I’m writing a programme that consists of an auto-encoder followed by a CNN. My dataset consists of RGB images (so I’m dealing with 3 channels) and the input size of the CNN needs to be 3x224x224.
I’ve written a conv AE and easily got a 3-channel output. However, I’m not sure how to achieve that with a simple fully-connected auto-encoder. My AE looks like this:
class autoencoder(nn.Module): def __init__(self): super(autoencoder, self).__init__() self.encoder = nn.Sequential( nn.Linear(3 * 224 * 224, 8192), nn.ReLU(True), ( more linear layers + relus here ) self.decoder = nn.Sequential( ( more linear layers + relus here ) nn.ReLU(True), nn.Linear(8192 , 3 * 224 * 224), nn.Tanh()) def forward(self, x): x = self.encoder(x) x = self.decoder(x) return x
The relevant bits of my code:
batch_size = 20 model = autoencoder() criterion = nn.MSELoss() optimizer = adam(model.parameters(), lr=learning_rate, weight_decay=1e-5)
for data in train_loader: img,_ = data img = Variable(img).to(device) #forward output = model(img) loss = criterion(output, img) # backward optimizer.zero_grad() loss.backward() optimizer.step()
The above auto-encoder code was giving me the mismatch error: RuntimeError: size mismatch, m1: [13440 x 224], m2: [150528 x 8192] at /pytorch/aten/src/TH/generic/THTensorMath.cpp:2070 - I’m not 100% sure what m1 and m2 are ??

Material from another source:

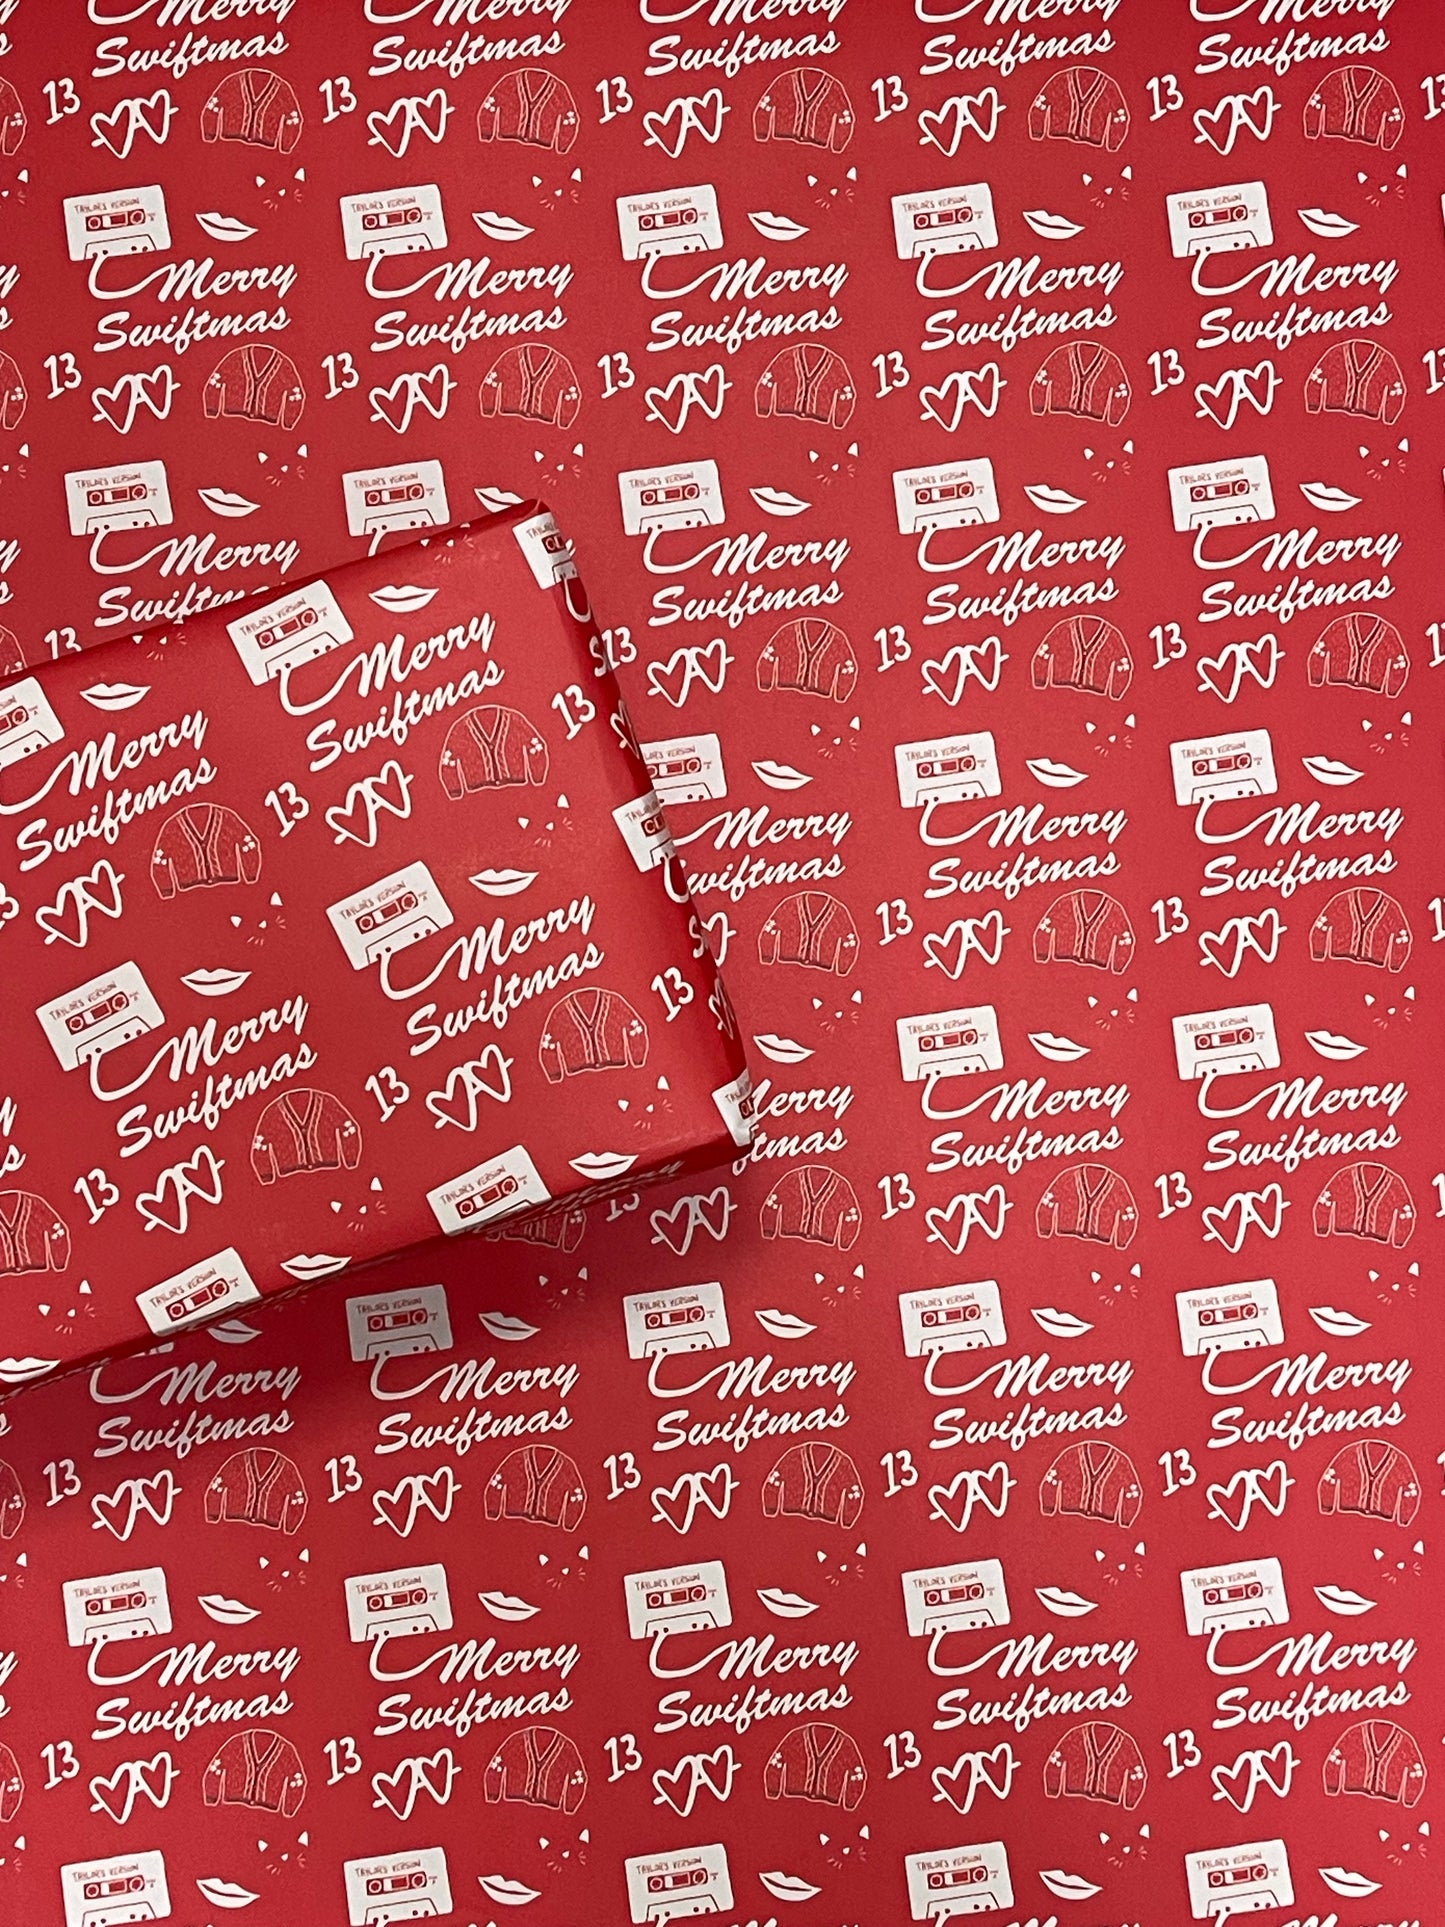 Merry Swiftmas Wrapping Paper Sheets (4 pieces)
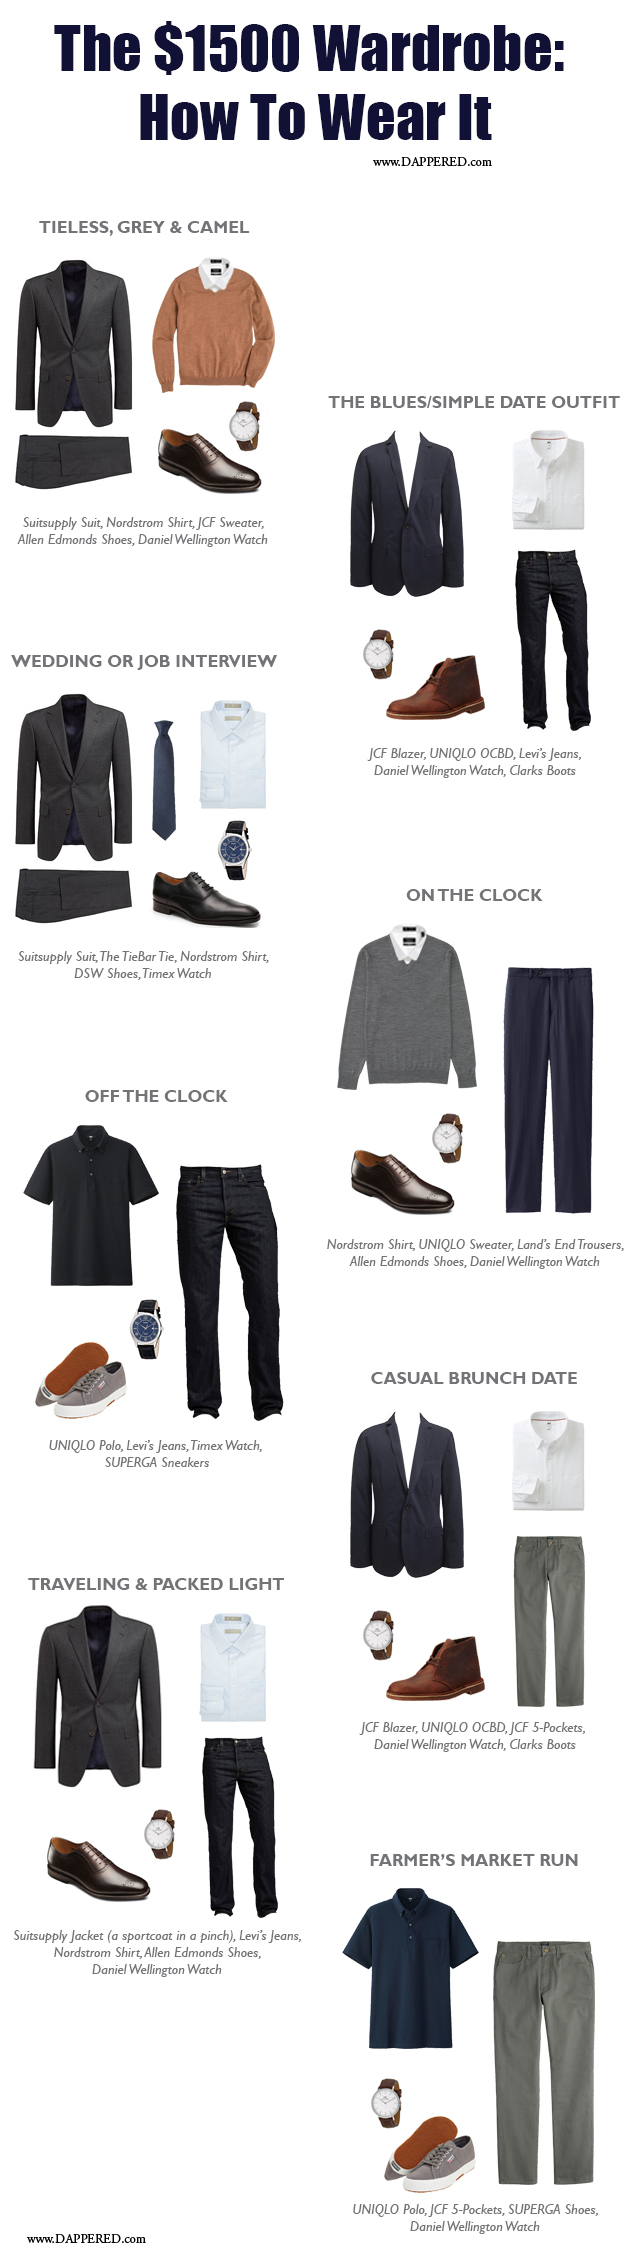 How to Wear it: The $1500 Wardrobe | Dappered.com

Based on what I’ve read, it seems that the input of a fully connected autoencoder needs to be flattened (so that the dimensions are batch_size x (w x h xchannels)) so I changed the forward function to :
def forward(self, x): x = x.view(x.size(0), -1) x = self.encoder(x) x = self.decoder(x) return x
This however gives me another error: RuntimeError: input and target shapes do not match: input [20 x 150528], target [20 x 3 x 224 x 224] at /pytorch/aten/src/THNN/generic/MSECriterion.c:12
How can I fix this?
Also, if I flatten the output to fit into the fully connected autoencoder, how can I get an output in a 3D form? (and by “3D” I mean “2D with 3 channels”)